NO nos vale con hacer el bien, necesitamos contarlo. Es habitual ver cómo mucha gente comparte en sus redes sociales que colabora con la asociación animalista de su barrio o que es socia de una u otra ONG. También está la típica persona que, al echar unas moneditas al artista callejero de turno, mira a los lados y espera al momento en que más viandantes puedan presenciar su enorme ejercicio de generosidad. Esto, que de entrada nos puede costar entender, es algo natural, inherente al ser humano. Porque ser buena persona está bien, pero que tus vecinos lo sepan está mucho mejor.

En los últimos tiempos, este fenómeno, que algunos llaman relato y que consiste básicamente en hacer a los demás sabedores de todas tus virtudes, se está extendiendo al terreno de la política donde, a la hora de presumir de atributos, hay uno que destaca por encima del resto: la voluntad de llegar a acuerdos. Es cierto que la ciudadanía, cansada de tanta disputa entre partidos, valora cada vez más esa predisposición para alcanzar diagnósticos compartidos y, sobre todo, elaborar propuestas comunes.

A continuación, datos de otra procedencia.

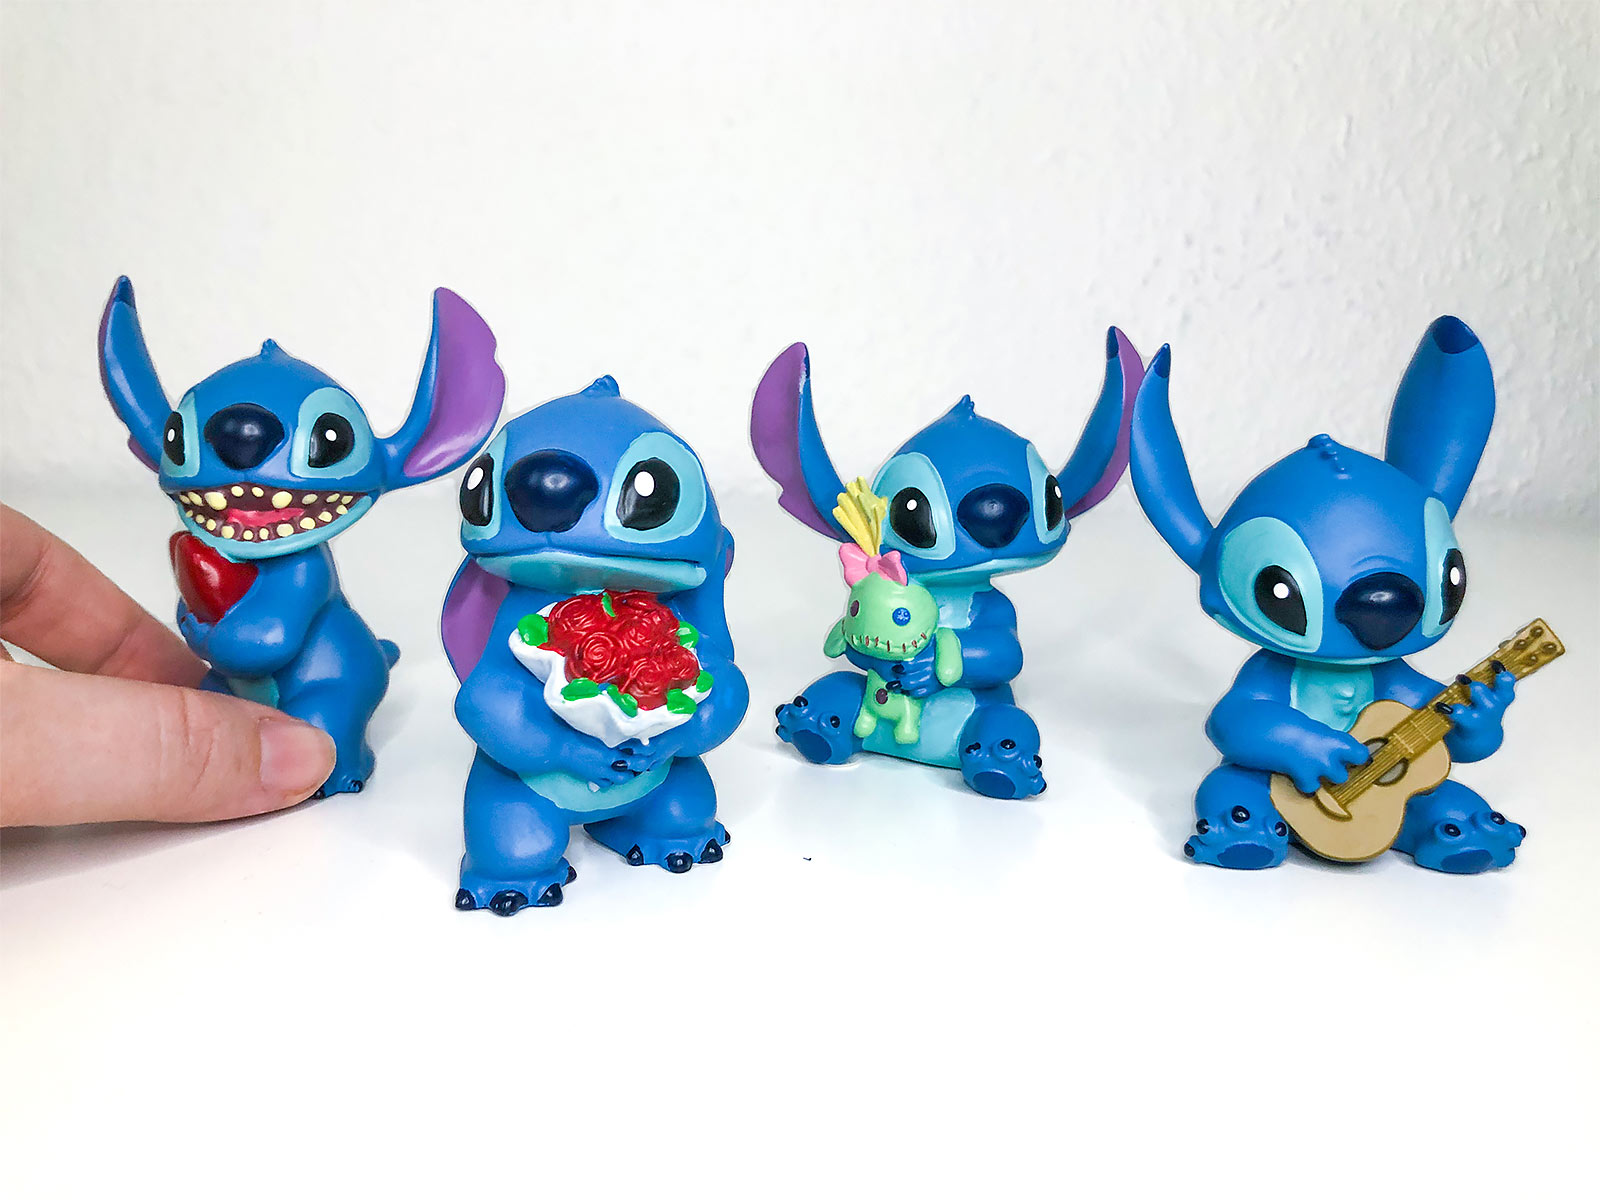 Lilo & Stitch - Stitch Figur mit Rosen

Pero esto nos lleva a presenciar espectáculos tan grotescos como el que nos brindó el otro día la portavoz de un Grupo Parlamentario (no precisamente el más dado a los acuerdos) que después de acusar al Gobierno Vasco de ser débil e incapaz, pedía pactos entre instituciones y partidos en Euskadi. Y sin entrar a valorar la contradicción que supone en sí misma esta frase, haré una matización que a simple vista puede parecer de lenguaje pero que va mucho más allá: los pactos no se piden, se ofrecen. Un acuerdo implica moverse, requiere acción y conlleva la renuncia a parte de un posicionamiento propio; porque de lo contrario no será un pacto, será una demanda de adhesión. Y eso tiene muy poco que ver con el acuerdo y mucho con la imposición. Y es que para vender acuerdos, primero hay que alcanzarlos, porque aquello que no se hace se puede contar, pero entonces no es un relato, es un cuento.